Но как ушел Роман Иаковлев из дому, опочив на пасхальных куличах, так и канул его след, точно в прорву.
На второй день Красной, после вещей молчаливой ночи, с утра кинулась Анна Тимофевна в часть. Квартальный, спросонья, усумнился.
– Сама-то, голубица, черезва ли?
Потом отпер безумной клоповник.
Мало света пропускало в клоповник оконце – полукруглое, как в конюшне. За полукруглым, как в конюшне, оконцем, по небу и по земле шла пасха. Колокольным встречали пасху люди звоном, устилали пасхе путь расцвеченным ковром яичной скорлупы, в ликованьи святили люди имя нового Ерусалима. Стеклянными харями плавали люди в блевотине клоповника, куда смотрела пасха через полукруглое, как в конюшне, оконце.

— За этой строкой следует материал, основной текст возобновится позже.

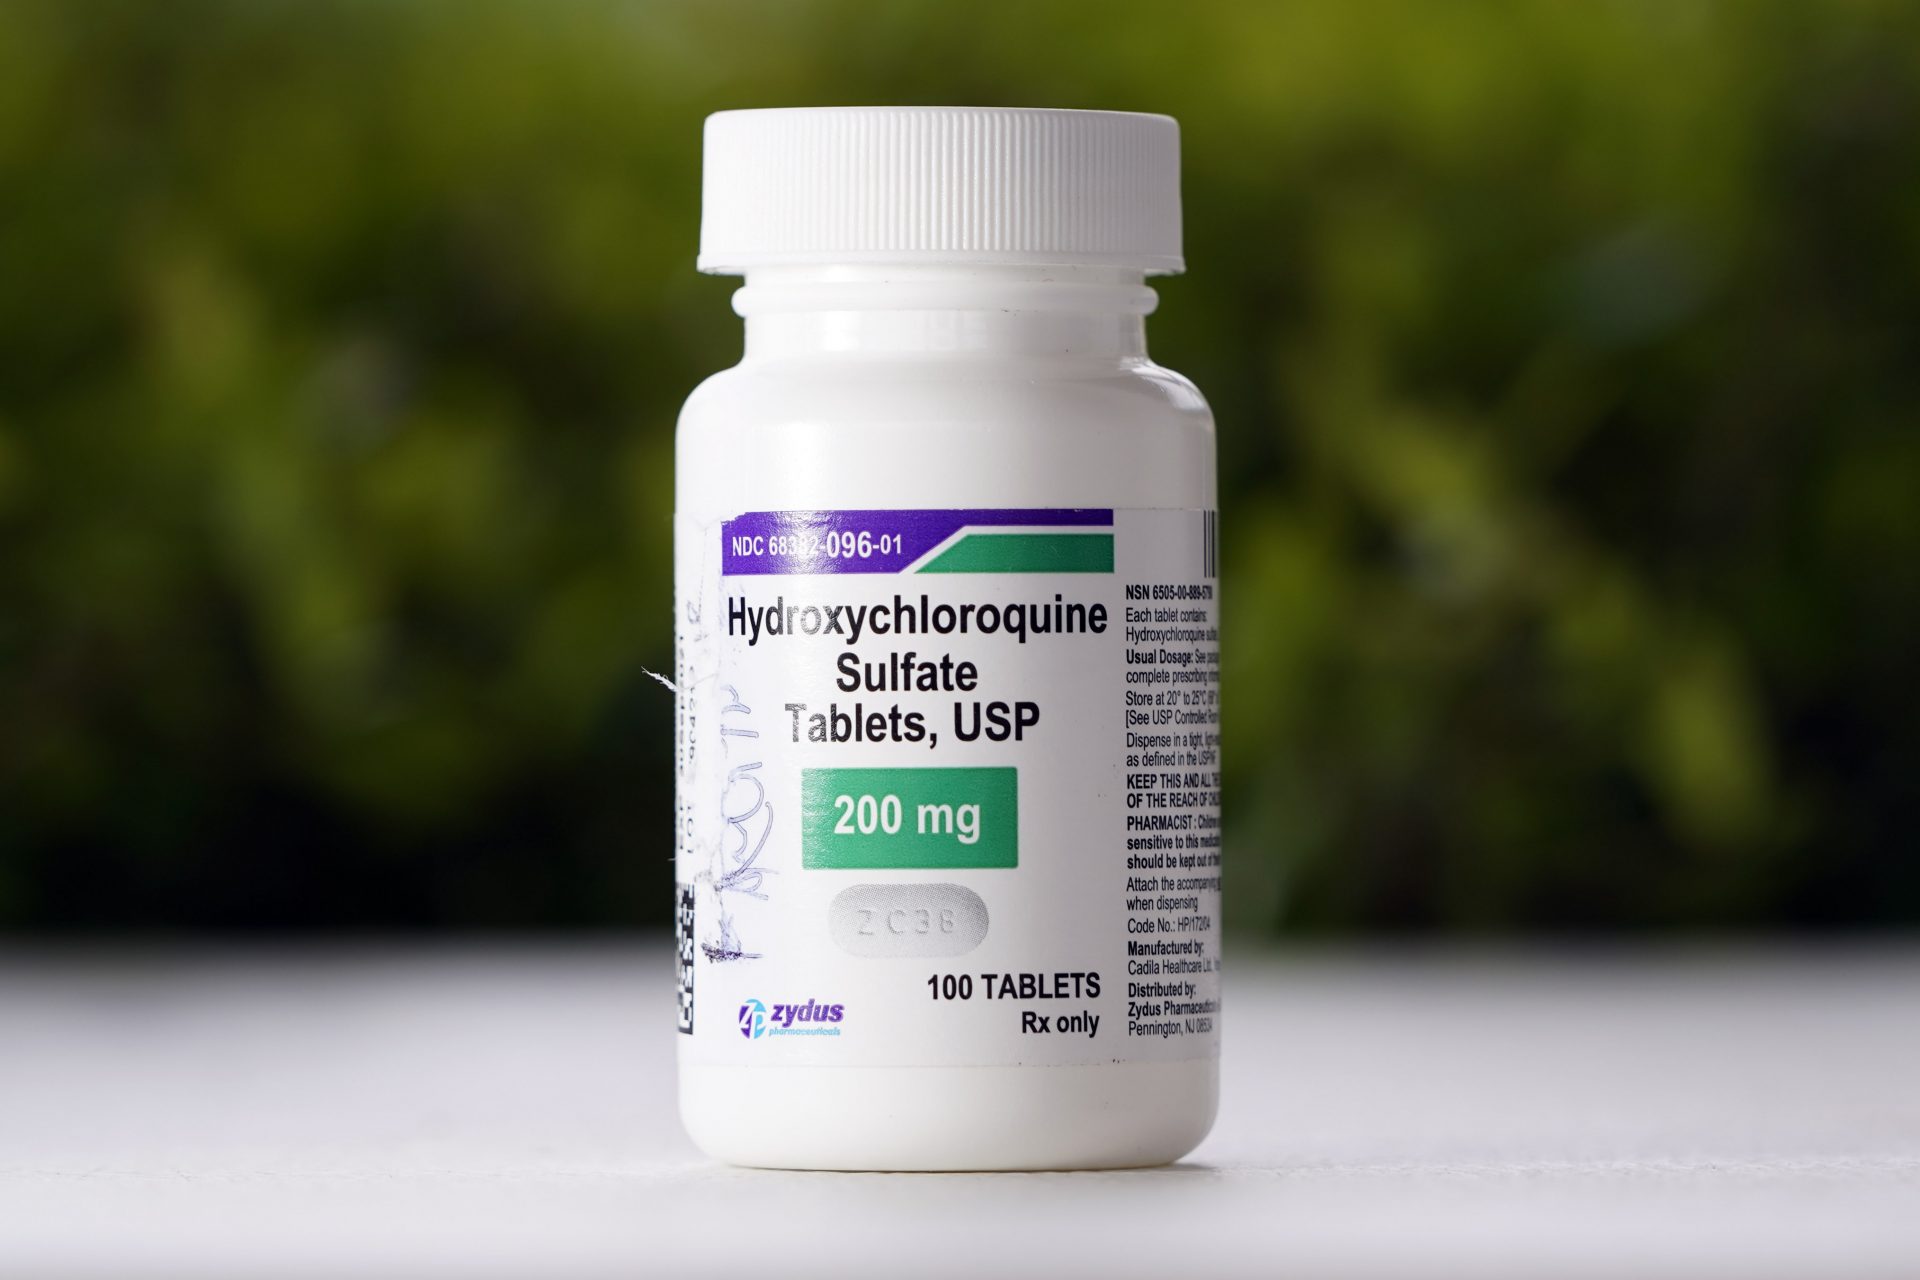 This Tuesday, April 7, 2020 file photo shows a bottle of hydroxychloroquine tablets in Texas City, Texas. On Friday, April 24, 2020, the U.S. Food and Drug Administration warned doctors against prescribing the malaria drug to treat COVID-19 outside of hospitals or research settings.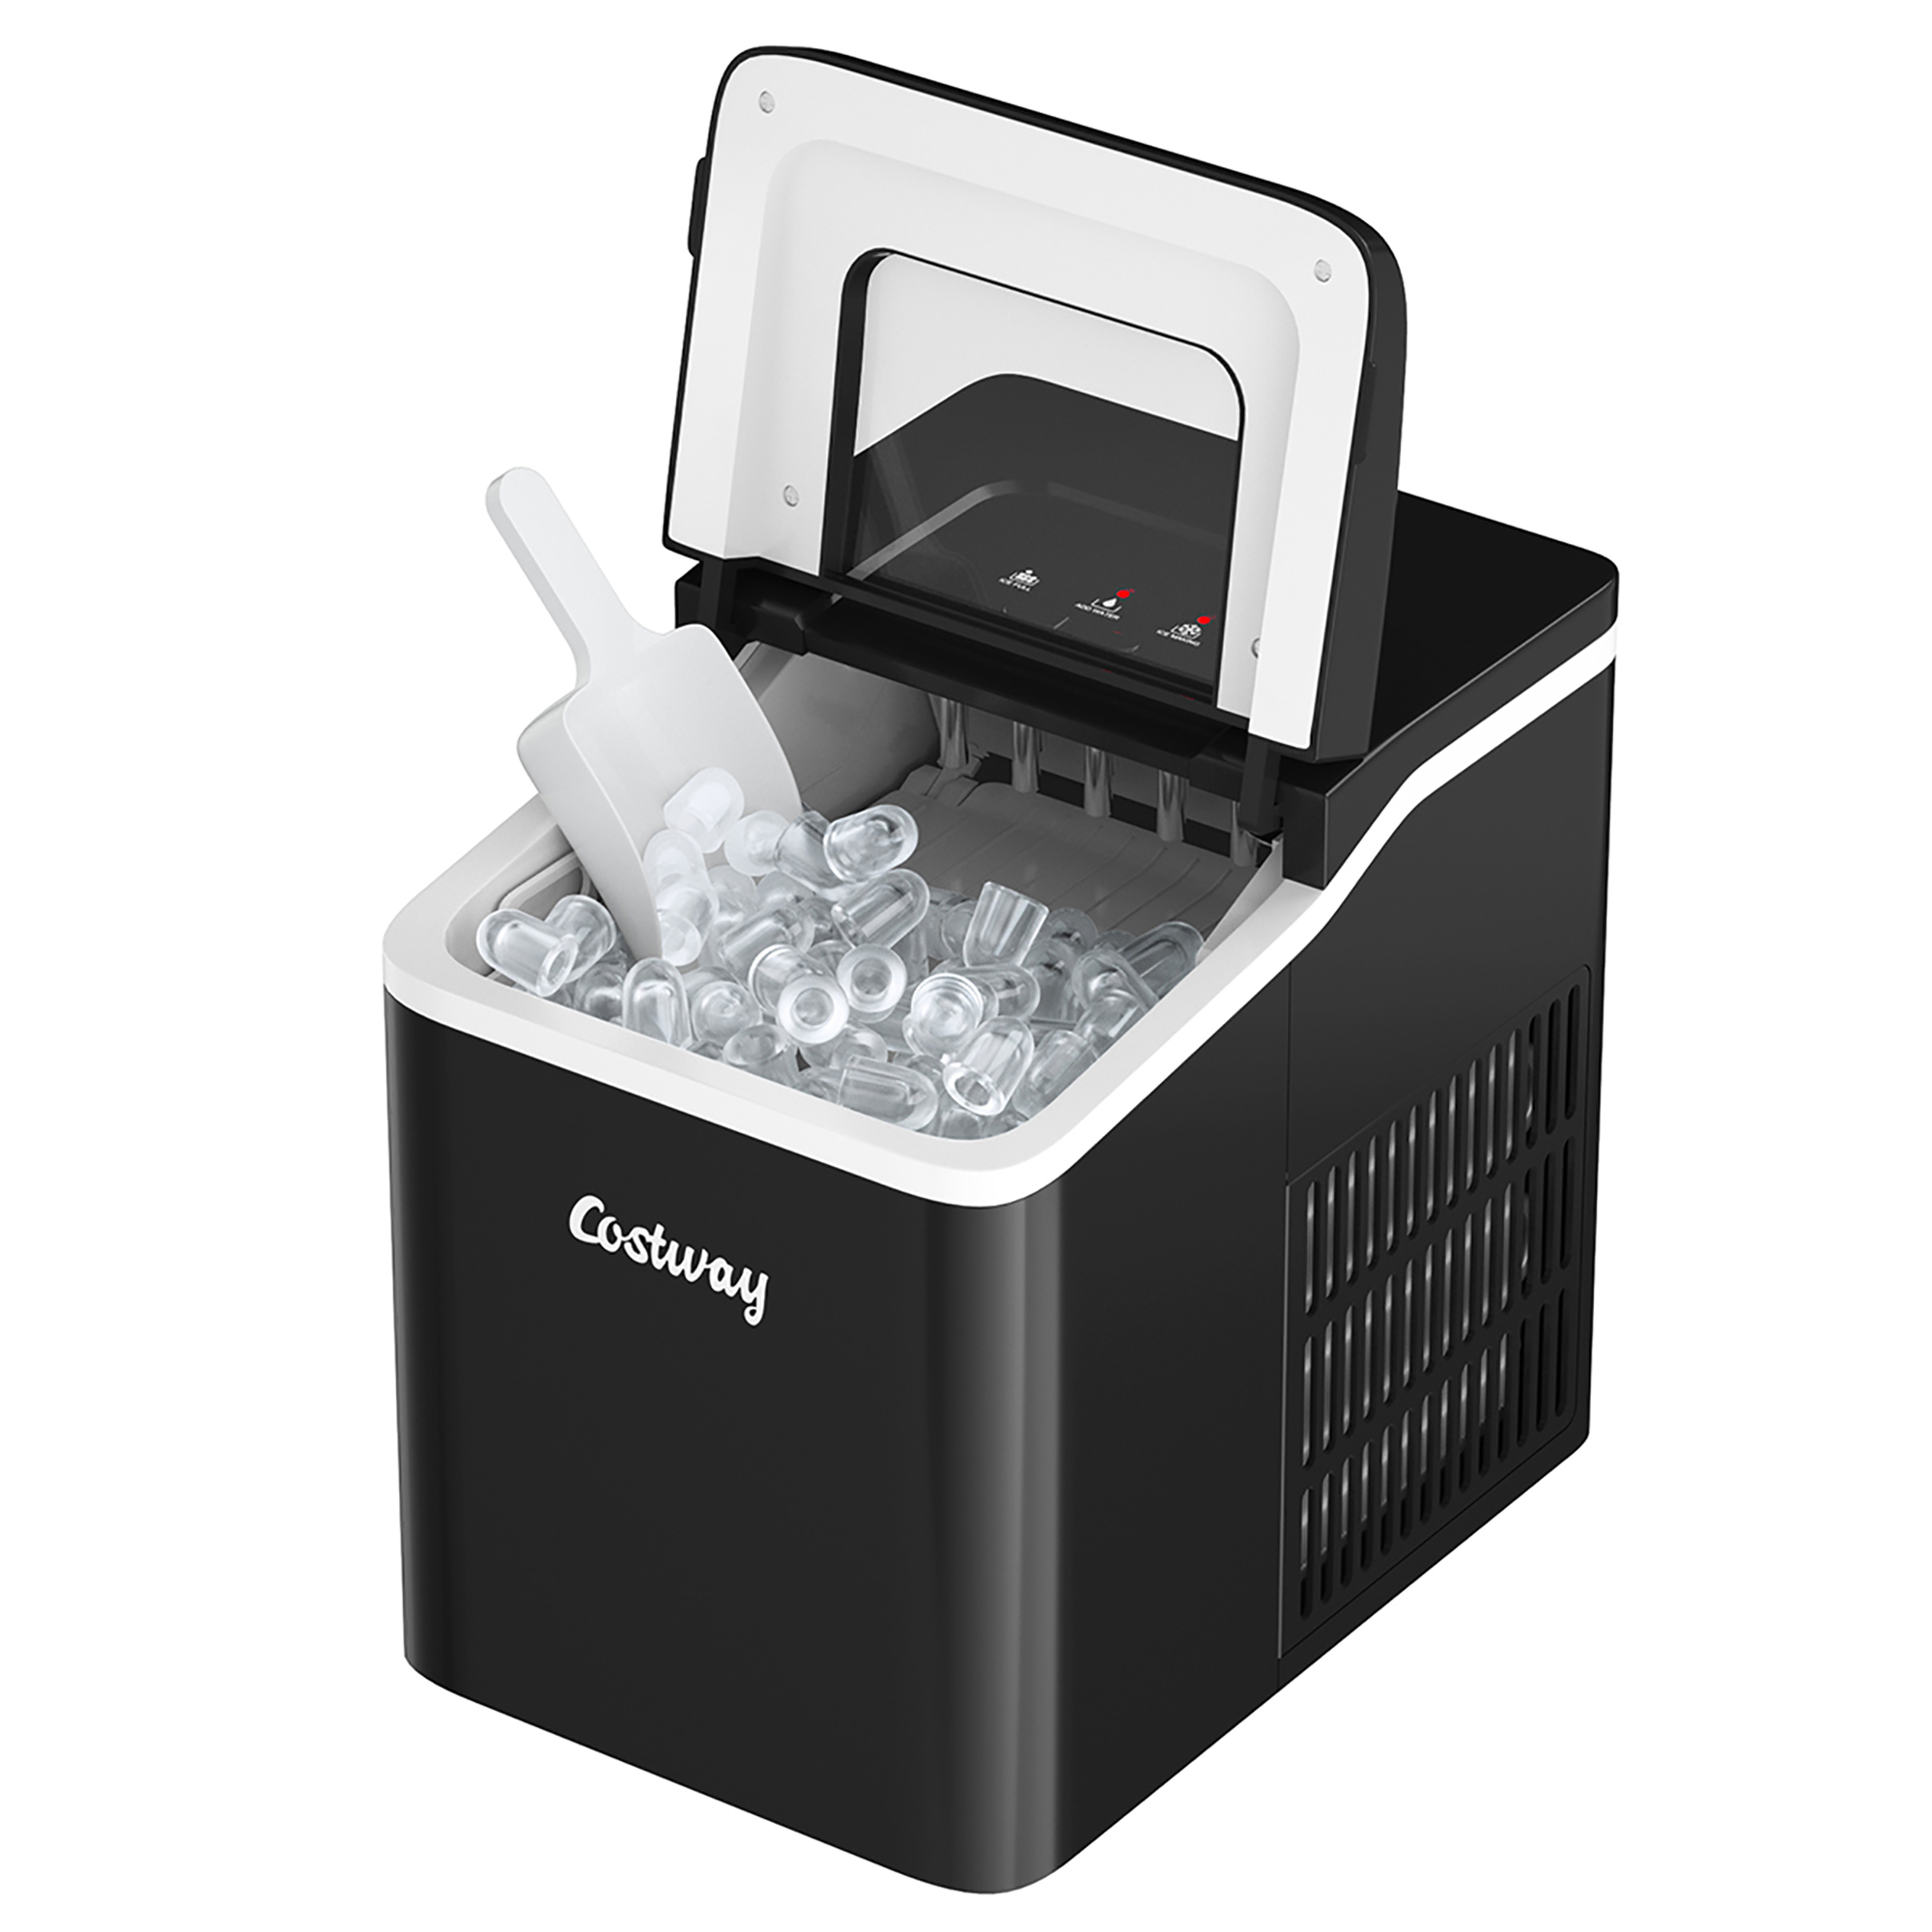 Costway Portable Ice Maker Machine Countertop 26Lbs/24H Self-cleaning w/ Scoop Black - image 10 of 10

Заглядывала Анна Тимофевна в помертвелые лица скорчившихся трупов. Шагала через тела, шлюпала в мерзкой хляби потекших по полу луж, задыхалась сивушной вонью.
Тут, в темном углу, нащупала крепкую, как корневище, руку в жестких, проволочных волосах. Потянула, что было сил. На спине пьяного расцепились объятия, упали по бокам его и хлюпнули в черную сырь мягкие руки. Лежал пьяный ничком, лицом в угол, и нужно было повернуть его к свету, чтоб увидеть лицо. Схватила за голову – казалось, задела пальцем острый кадык – казалось, жестки волосы страшной, изведанной жесткостью – поволокла мягкий, тяжелый мешок к оконцу. Грузно скатился пьяный с человека, который обнимал его. С бабы – не увидела – догадалась Анна Тимофевна. И тут же в пятне холодного света различила в руках своих чужую черноволосую голову и бросила ее на пол.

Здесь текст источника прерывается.